── SOURCE MATERIAL

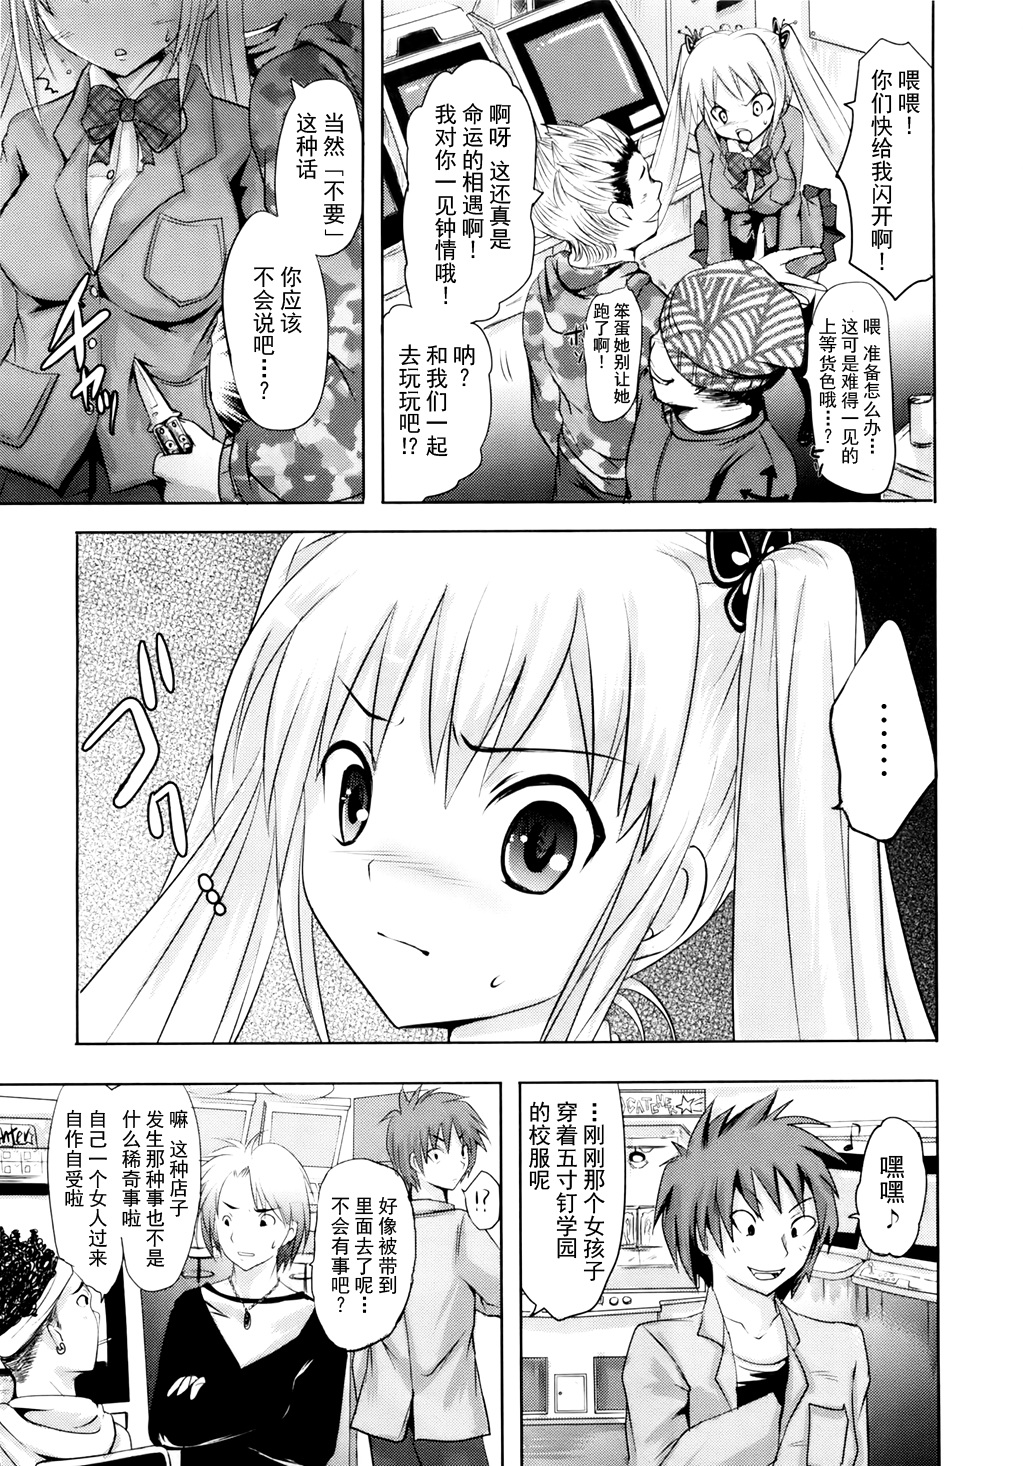 [Natsume Fumika] Sundere! Ch.6 [Chinese] [夏目文花] スンデレ! CH6[中文翻譯]
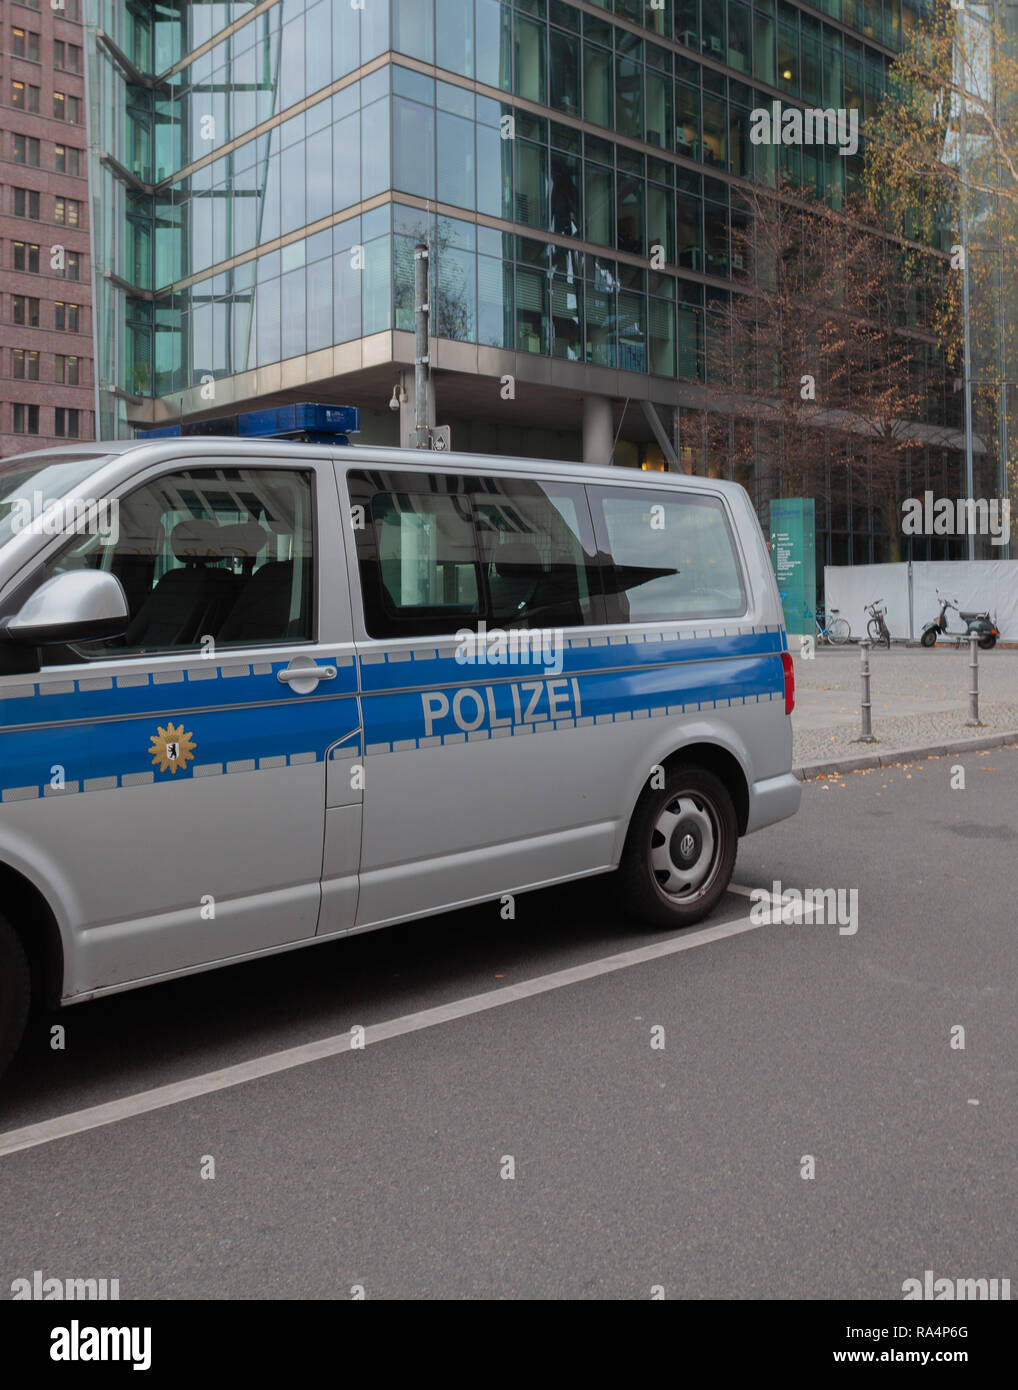 A policecar at the streets of Berlin. With the new Blue and Silver design. Stock Photo
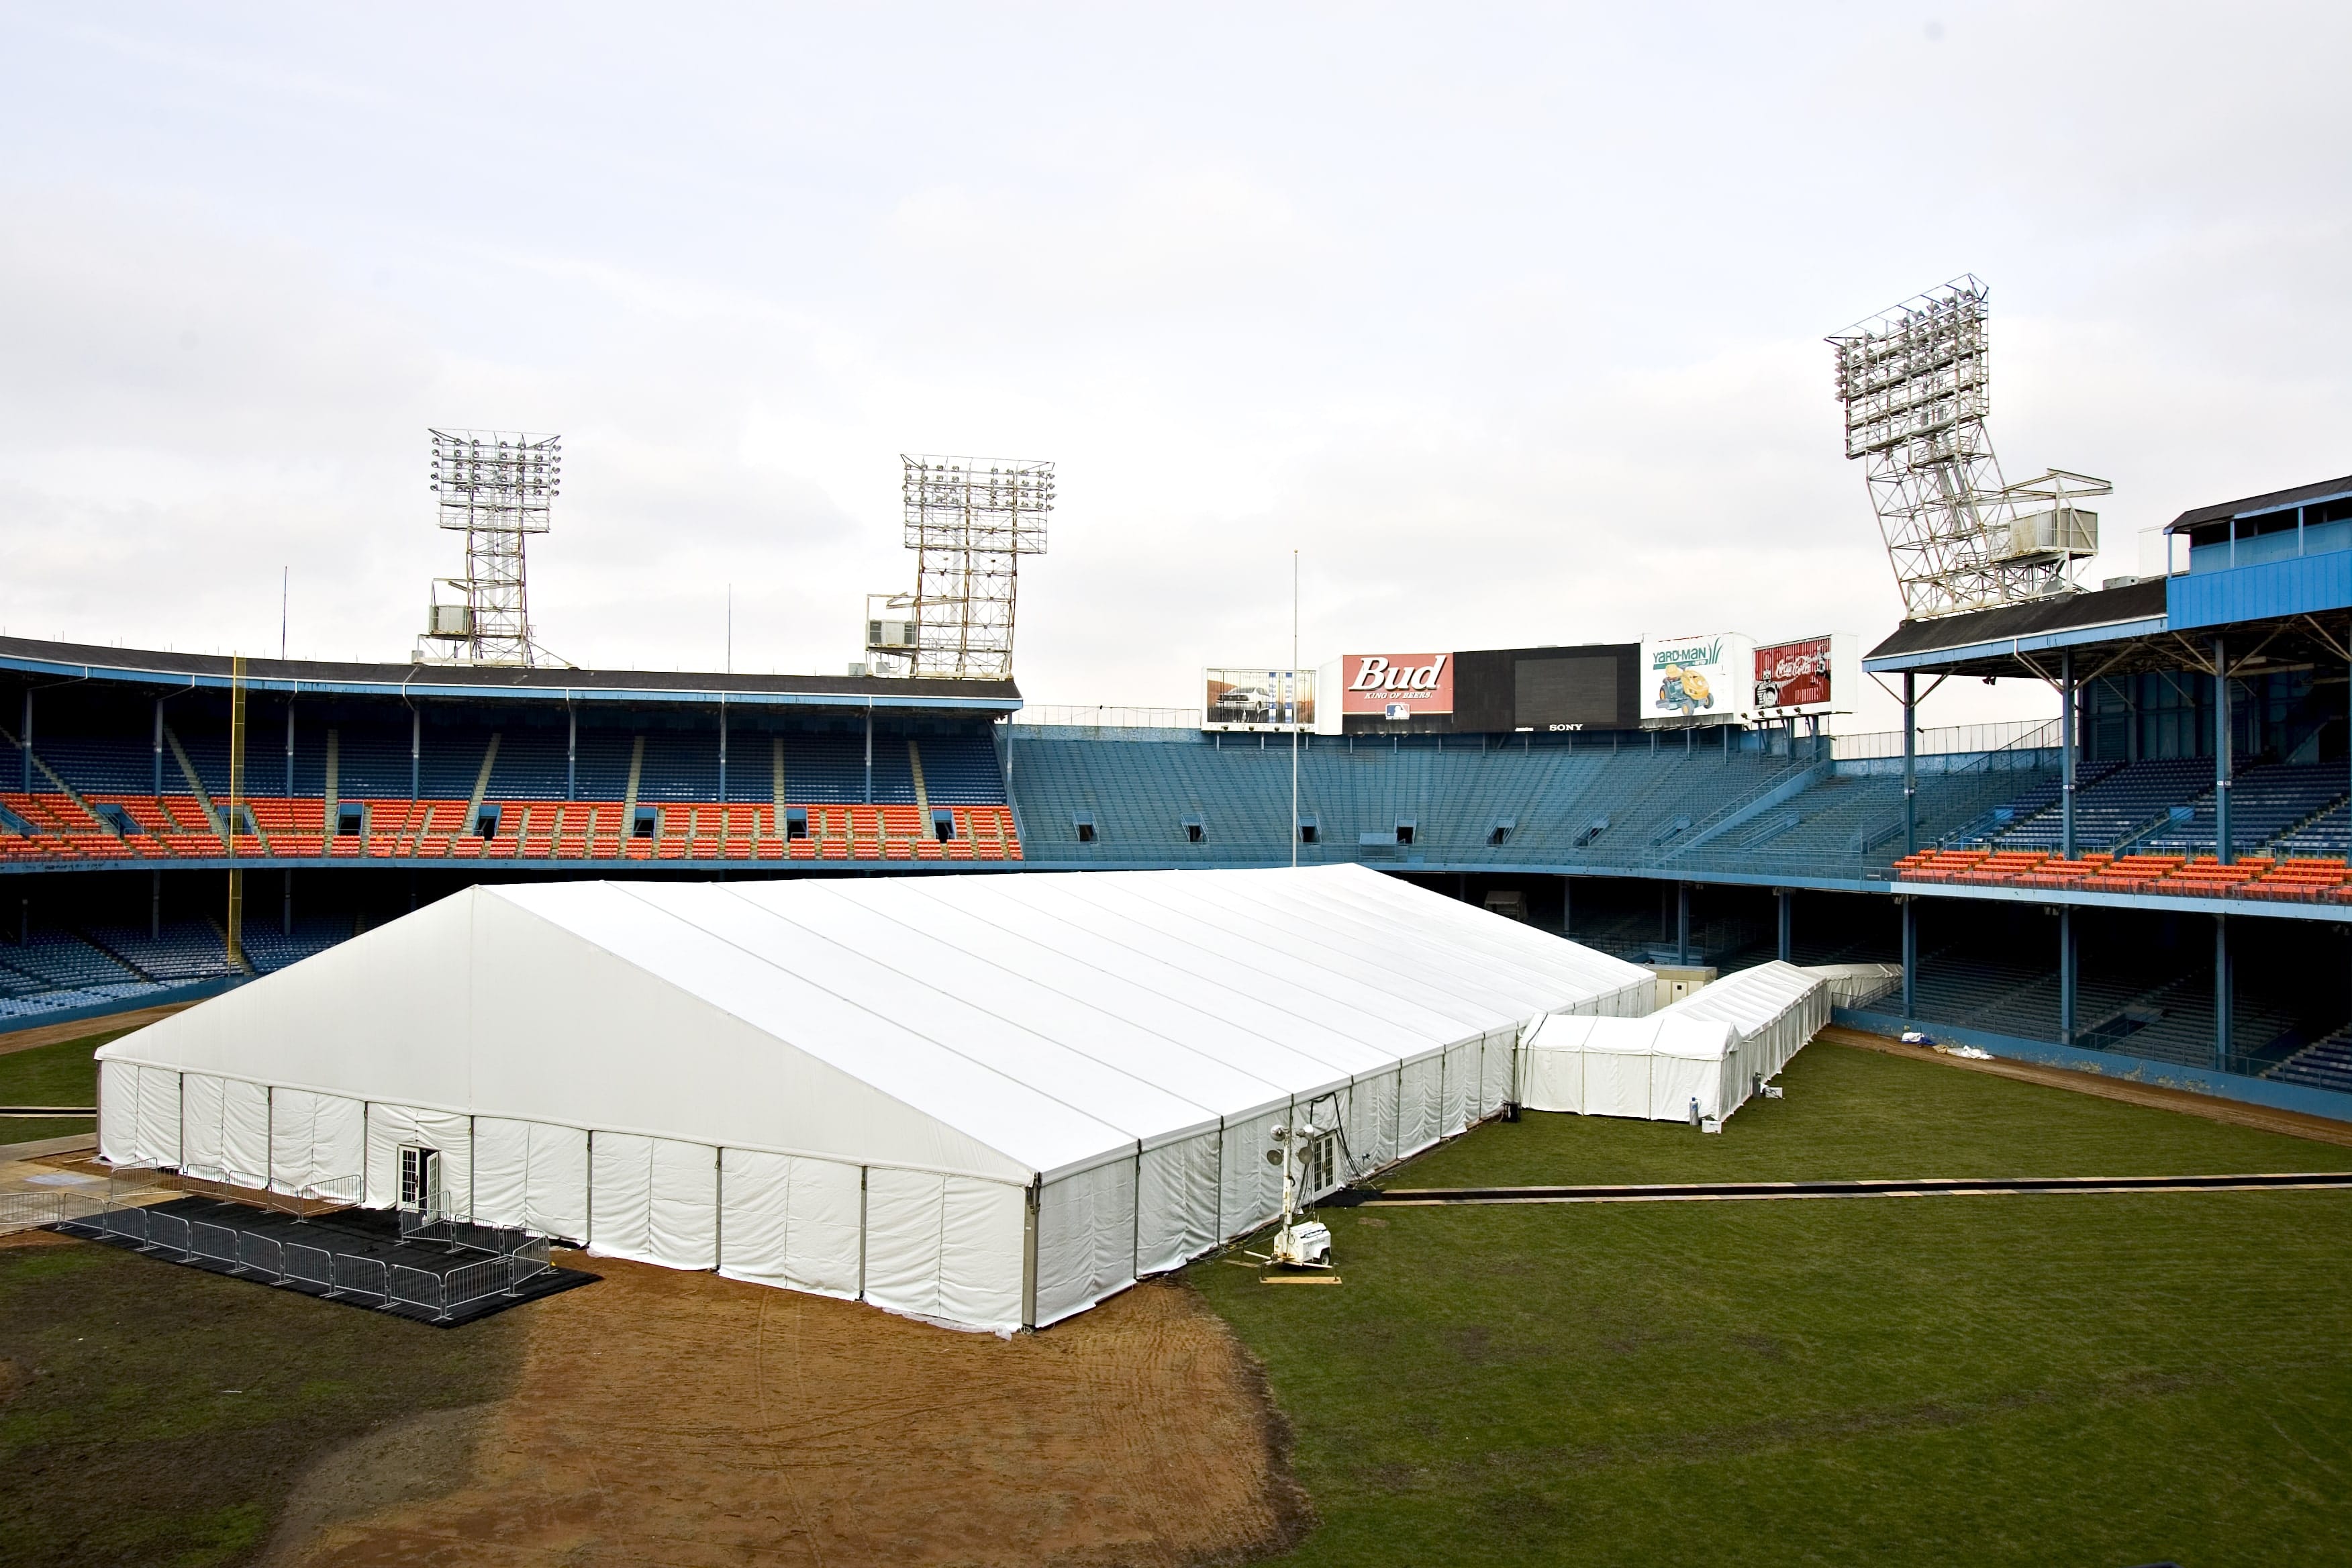 Sporting Event Tents - Our Bud Bowl at the Super Bowl - American Pavilion
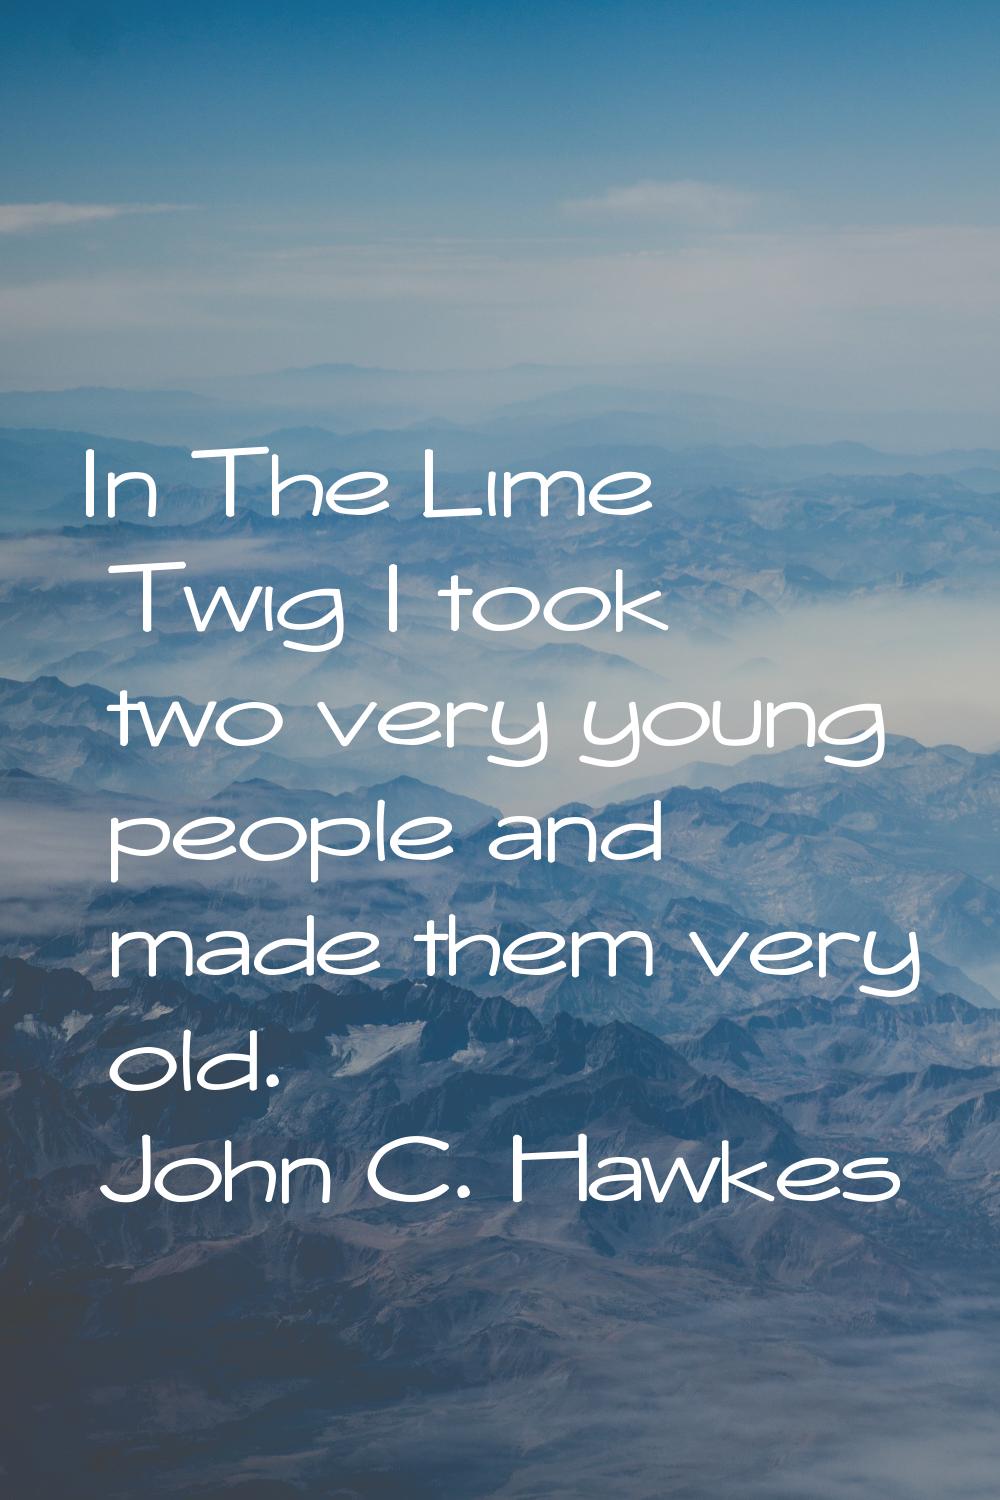 In The Lime Twig I took two very young people and made them very old.

────

#### [PROBLEM STATEMENT]
Using the listing above, copy every line from the line containing "Sporting Event Tents" through the last one, both included, and no other lines. Pictures stay out.

#### [RESPONSE BELOW]
 Sporting Event Tents - Our Bud Bowl at the Super Bowl - American Pavilion
 In The Lime Twig I took two very young people and made them very old.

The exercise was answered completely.